In the early morning hours, groups of gunmen believed to be linked to the Islamic State in Iraq and Levant (ISIL), an al-Qaida breakaway group in Iraq, stormed Samarra, some 120 km north of the Iraqi capital Baghdad, and seized six of the city's southern and eastern neighborhoods after fierce clashes with security forces, the source told Xinhua on condition of anonymity.

The insurgents entered the city on their vehicles, some with heavy machine-guns and several shovels. They attacked the security checkpoints and police stations, and built their own defenses as they took control of the neighborhoods, the source said.

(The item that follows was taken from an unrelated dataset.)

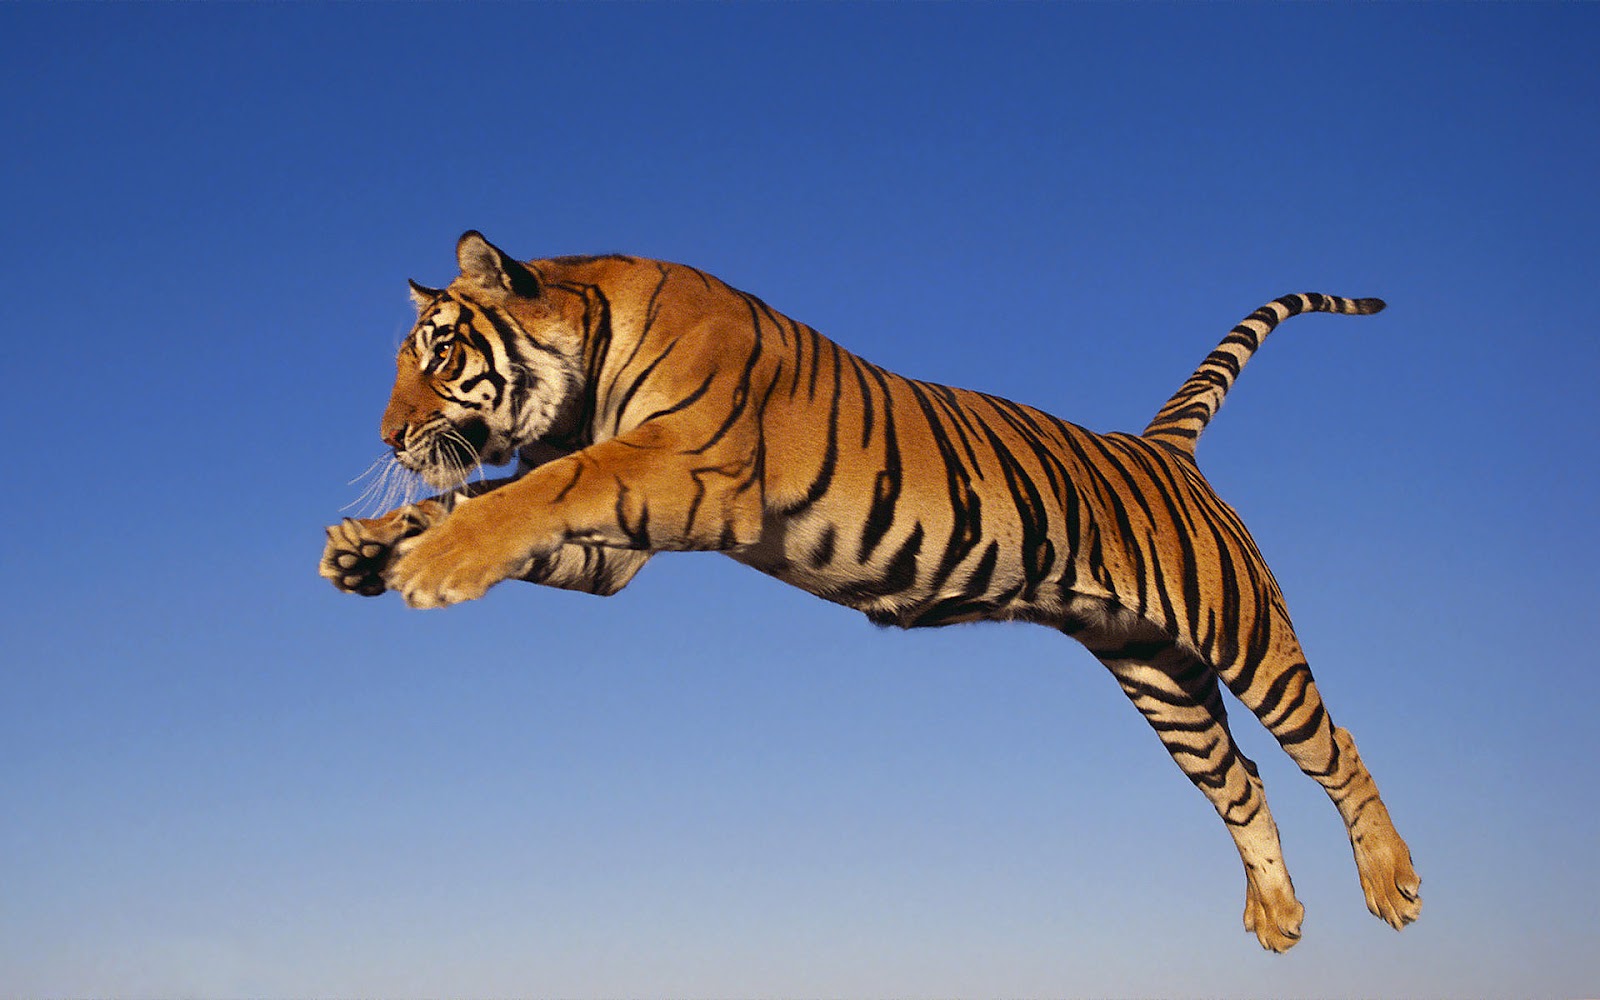 Animal Jumping And Attacking Tiger Tigers Wallpaper

The gunmen raised their black flag belonging to the ISIL on several government buildings and the main Sunni mosque in the city, which located just 1,500 meters away from the Shiite shrine of Imam Ali al-Hadi in central the city. The shrine contains the tombs of Ali al-Hadi, who died in 868 A.D. and his son Hassan al- Askari who died in 874 A.D.

The two are the 10th and 11th of the Shiite's 12 most revered Imams. Shiite pilgrims visited the shrine from all over the world.

Iraqi security forces surrounded the Shiite shrine as well as the security headquarters of Samarra's Operations Command to prevent the insurgent from reaching reach such sensitive targets and are waiting for reinforcement troops to prepare for a counter- attack, the source said.

Fierce battles are still underway in several parts of the city and the troops killed many militants, the source said, adding that there is no immediate reports about the exact numbers of casualties in the battlefields.

On Feb. 22, 2006, Samarra's shrine, which was also called the Golden Mosque, was hit by a bomb attack in which its 100-year-old Golden Dome was badly damaged.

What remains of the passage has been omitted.